"Hou's colorful sculptures draw on her Chinese heritage, "blending folklore, remembrance, and the layered experiences of diaspora and cultural hybridity," the museum says. "Chiara No creates chiming bells that personify idols, demons, and goddesses inspired by ancient, pagan, and Christian mythologies." And for No, characterful sculptures embody myth and allegory, influenced by terracotta figures from ancient Boeotia, a region of south-central Greece."
"Both artists incorporate painting into their works, with tiny tableaux enriching the surfaces. For example, Hou's "Tian Gou Shi Ri - The truth about solar eclipse and how to observe it using pinhole imaging principle" depicts a giant female dog biting the sun with an image of a woman holding up a large object shaped like an eye-perhaps a viewing device-on its front leg."
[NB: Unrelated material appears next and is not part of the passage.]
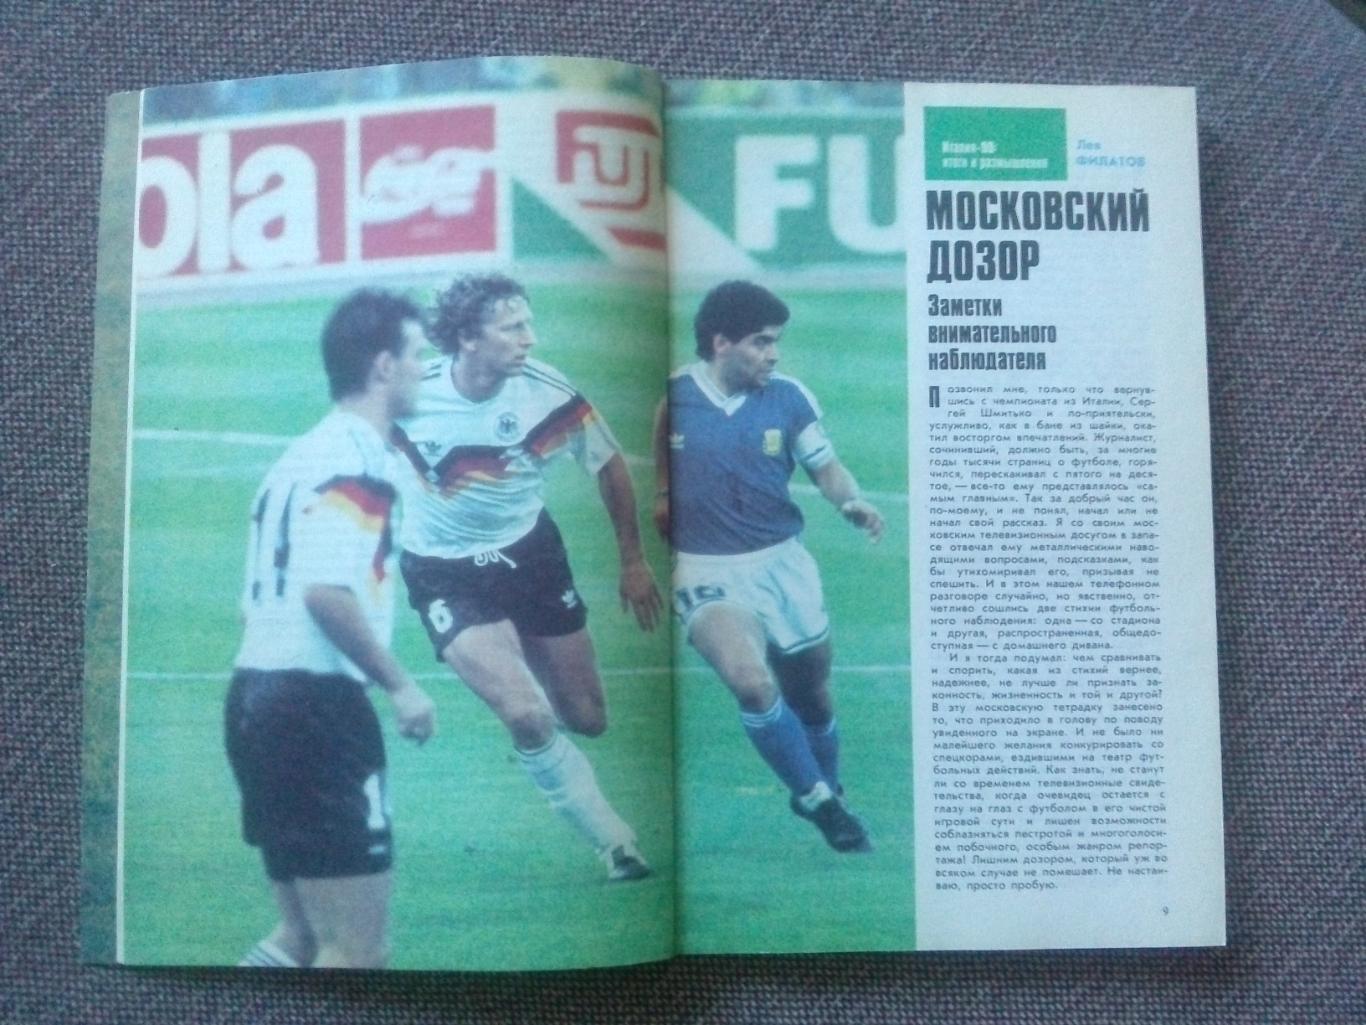 Альманах Футбол - 91 1991 г. Справочник (Спорт)ФиС(чемпионат Мира 1990) 4

Chenlu Hou and Chiara No create ceramic objects that evoke sacredness through ritual, myth, and cultural memory. The works foreground ceremony and customs while probing how cultures change and merge over time. Hou's colorful sculptures draw on Chinese folklore, remembrance, and diasporic experience, often incorporating painted tableaux across sculptural surfaces. No crafts chiming bells and figurative forms that embody idols, demons, and goddesses, drawing on pagan, Christian, and ancient terracotta influences from Boeotia. Both artists use playful, slightly cartoonish gestures to render time-honored beliefs in contemporary forms, prompting reflection on storytelling and spiritual practice.